Review: FG-100 DDS Function Generator

I don’t have a signal generator, or more specifically I don’t have a low frequency signal generator or a function generator. Recently this fact collided with my innocent pleasure in buying cheap stuff of sometimes questionable quality. A quick search of your favourite e-commerce site and vendor of voice-controlled internet appliances turned up an FG-100 low frequency 1Hz to 500kHz DDS function generator for only £15 ($21), what was not to like? I was sold, so placed my order and eagerly awaited the instrument’s arrival.

The missing function generator is a gap in the array of electronic test instruments on my bench, and it’s one that maybe isn’t as common a device as it once might have been. My RF needs are served by a venerable Advance signal generator from the 1960s, a lucky find years ago in the back room of Stewart of Reading, but at the bottom end of the spectrum my capabilities are meagre. So why do I need another bench tool?
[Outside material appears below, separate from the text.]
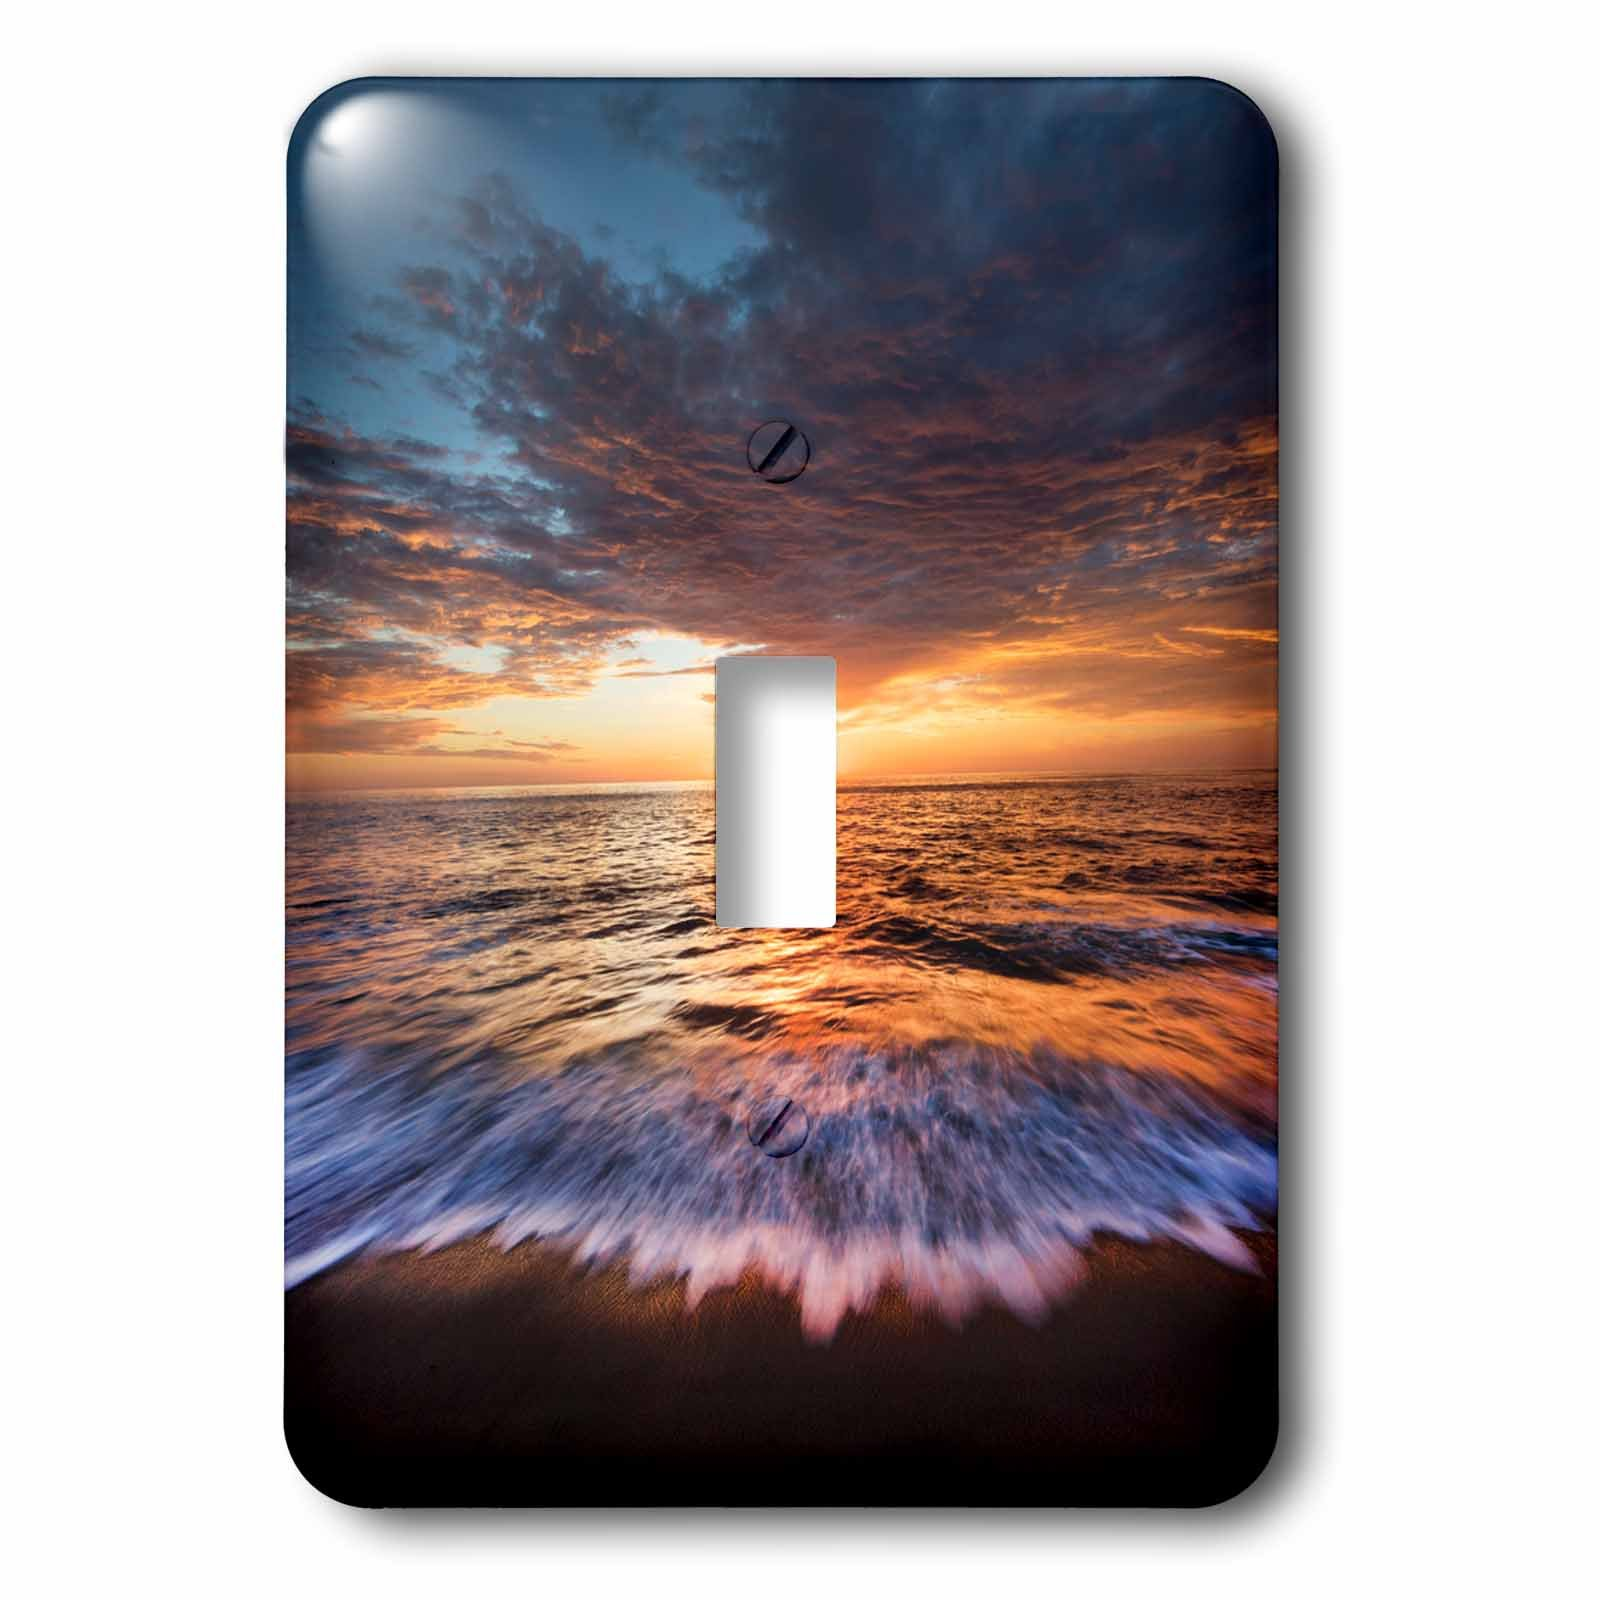 3dRose Danita Delimont - Beaches - USA, California, La Jolla. Dranatic sunset at the beach. - Light Switch Covers - single toggle switch (lsp_278574_1)

It’s worth explaining what these devices are, and what their capabilities should be. In simple terms they create a variety of waveforms at a frequency and amplitude defined by their user. In general something described as a signal generator will only produce one waveform such as a sine or a square wave, while a function generator will produce a variety such as sine, square, and sawtooth waves. More accomplished function generators will also allow the production of arbitrary waveforms defined by the user. It is important that these instruments have some level of calibration both in terms of their frequency and the amplitude of their output. It is normal for the output to range from a small fraction of a volt to several volts. How would the FG-100 meet these requirements? Onward to my review of this curiously inexpensive offering.

Noisy as Sin

The package duly arrived, and inside was the unit itself with no power supply or instructions. It is well-presented in an ABS enclosure a little bigger than a pack of cards with a custom front panel for the buttons, LCD, a BNC output, plus a knob for the amplitude on the right hand side. On the left hand side is a power jack to supply the required 5 volts. Handily the jack is the same size and polarity as the one used on older 5 volt Nokia phones, so a rummage through the wall wart box yielded a suitable adapter. I’d have expected the ubiquitous micro-USB in 2018, or at least a USB-to-power-jack cable, but sadly neither were present.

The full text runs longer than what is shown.